Like The Perfect Storm on a whitewater river, or Into the Wild in the depths of Grand Canyon, this adventure / mystery / biography details the true story of Glen and Bessie Hyde, who vanished on their 1928 honeymoon river trip through Grand Canyon. When they did not appear at journey's end, Glen's father launched an exhaustive search of Grand Canyon. Although the boat was soon found upright and fully loaded, no trace of the honeymooners was ever found. They had vanished from the face of the earth. Or had they?

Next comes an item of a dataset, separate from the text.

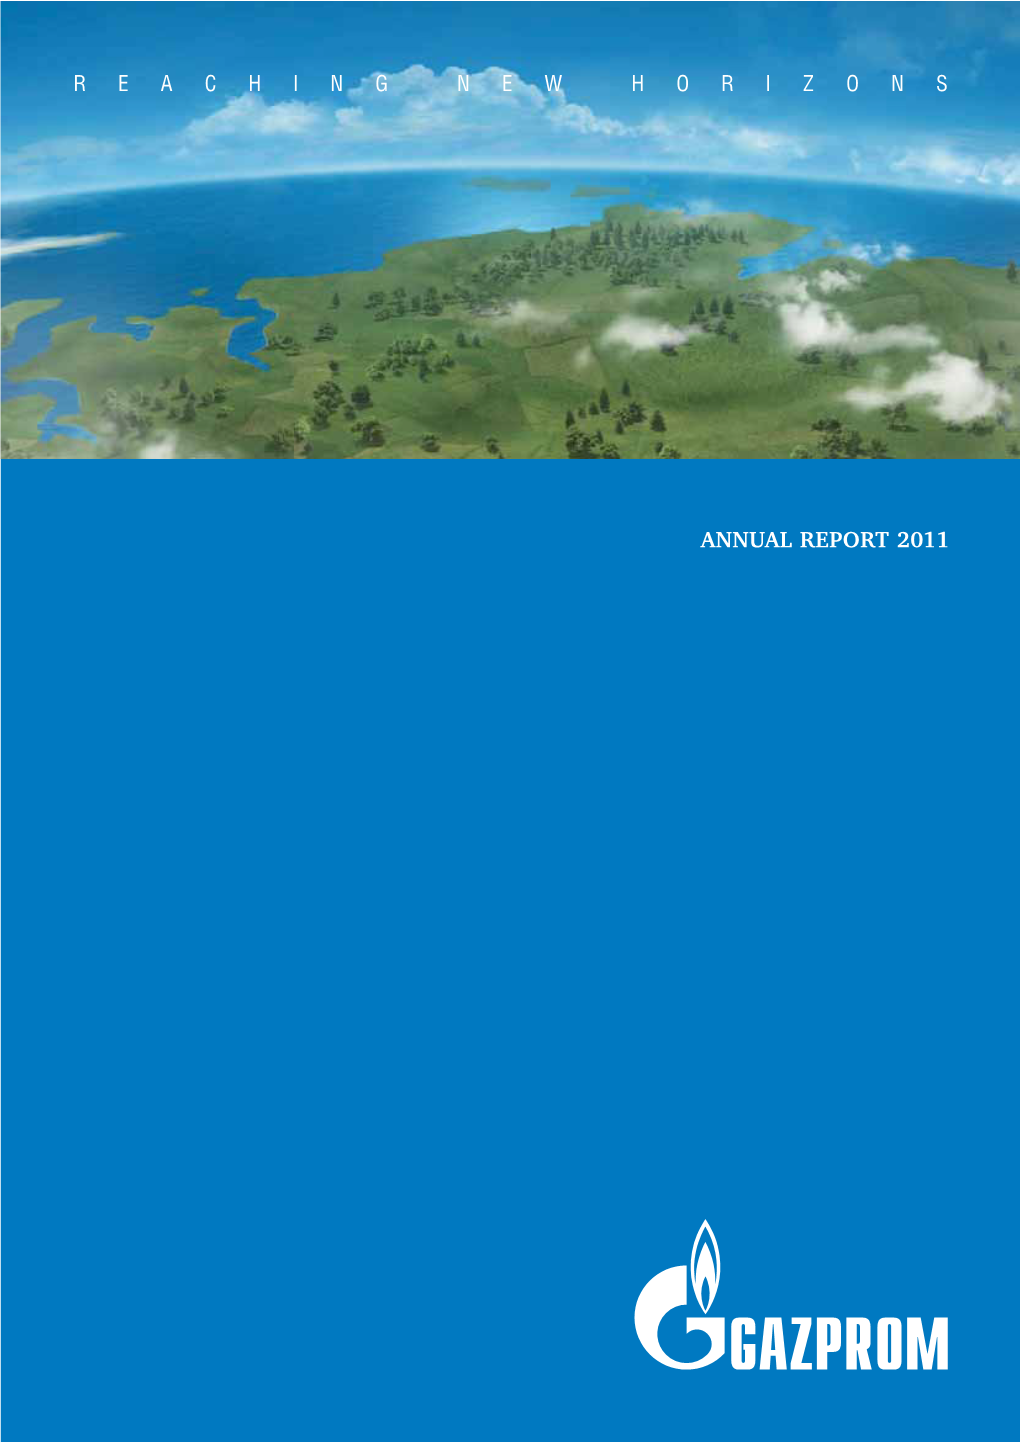 Annual Report 2011 Annual Report 2011

In the fall of 1971, an elderly widow joined a Grand Canyon rafting tour. Toward the end of the trip she announced she was Bessie Hyde, and that she had killed her husband, hiked out and started life anew. In 1976 a skeleton with a bullet in the skull was found at the South Rim of the Grand Canyon. Its size, age, and accoutrements all looked suspiciously like Glen Hyde's. In the following twenty years, yet another man and woman came to light, each surrounded by bizarre coincidences and suspected by some to be Glen or Bessie Hyde.
Flagstaff, Arizona, author Brad Dimock spent two years searching for the truth behind the Hyde mystery, digging through archives, traversing the continent, following each clue and lead to its end-even going to the extreme of replicating the Hydes' archaic scow and taking his own bride on a harrowing trip through Grand Canyon. Dimock, who has spent more than thirty-five years as an international whitewater guide, spins a yarn as only someone who has stood around a thousand campfires can.
reviews
This mystery takes us down a wild river into a hole in the ground and then flings us at the heart of a lost country. Glen and Bessie Hyde make us tremble as they face those jagged rocks and that last wave. And they fill us with envy for the freedom, guts, and joy of the funky and hardscrabble America they knew in their bones and we only know of as rumor. Brad Dimock deserves a medal for bringing them back alive to confront us all. And it's a helluva read, too.
Charles Bowden
Down by the River; Inferno; Blue Desert;
Blood Orchid; Desierto
Brad Dimock cannot know the Hydes' story without knowing the river. He places us inside their adventure by placing us inside his own, a ride on the wild Colorado in a replica boat that resembles a sort-of-floatable wooden horse trough. His writing is clear, suspenseful, and keenly edged-prepare for delicious outbursts of dry wit-and his compassion for Glen and Bessie makes the story: how a dream, a boat, and a river of terrifying beauty could blind any one of us to our own fatal innocence.
Ellen Meloy
The Last Cheater's Waltz; Raven's Exile,
The Anthropology of Turquoise; Eating Stone
Sunk Without a Sound, despite its tragic subject, is engaging, beautifully and impeccably researched, and delightfully written. Dimock's tour de force is not only an essential addition to Grand Canyon literature but a fine reading history on any terms.
Ann Haymond Zwinger
Downcanyon;
Wind in the Rocks;
Run, River, Run
Brad Dimock has carefully peeled away the layers of mystery and shone light on those haunted faces of Glen and Bessie Hyde. What he found in the course of two years of methodical research has emerged as a compelling tale of love, romance, adventure, and devotion. And the mystery has only deepened.
Roy Webb
Call of the Colorado; Riverman;
If We Had a Boat
A damned good book.
Hard to put down.
Tony Hillerman
Western Mystery Master
What's fascinating about both history and wilderness is the element of mystery. We'll never know--nor should we--about everything. But we can thank Brad Dimock for lifting the corner of the veil and telling one heck of an exciting story.
Roderick Frazier Nash
author, Wilderness and the American Mind
An enthralling story--especially for those who know the river.
Colin Fletcher
River, The Man Who Walked Through Time
With a gift for storytelling and the obsession of a sleuth, Brad Dimock captivates us with the kind of mystery only reality and a great river can invent.
Bruce Berger
There Was a River
It's a mesmerizing tale, skillfully told, and almost certain to be recognized as a classic in the field of outdoor adventure writing.
David Lavender
author, One Man's West; A Fist in the Wilderness
Elegantly written, wonderfully researched, and intricately plotted, Sunk Without a Sound has all the allure of a great mystery novel.
James Aton
The River Knows Everything;
River Flowing from the Sunrise
Book of the Year 2005
Finalist 2002
Brad Dimock was born in Ithaca, New York and received a Bachelor of Arts from Prescott College in 1971. He spent much of the next three and a half decades as a boatman in Grand Canyon and rivers throughout the world.
Fearful of real work, he began writing in the mid-1990s. His work his appeared in many magazines and anthologies, and he has authored, co-authored, edited, or foreworded nearly a dozen books. He is the only three-time winner of the National Outdoor Book Award.
He still works as a river guide in Grand Canyon for Arizona Raft Adventures. He lives, writes, and builds whitewater boats in Flagstaff, Arizona.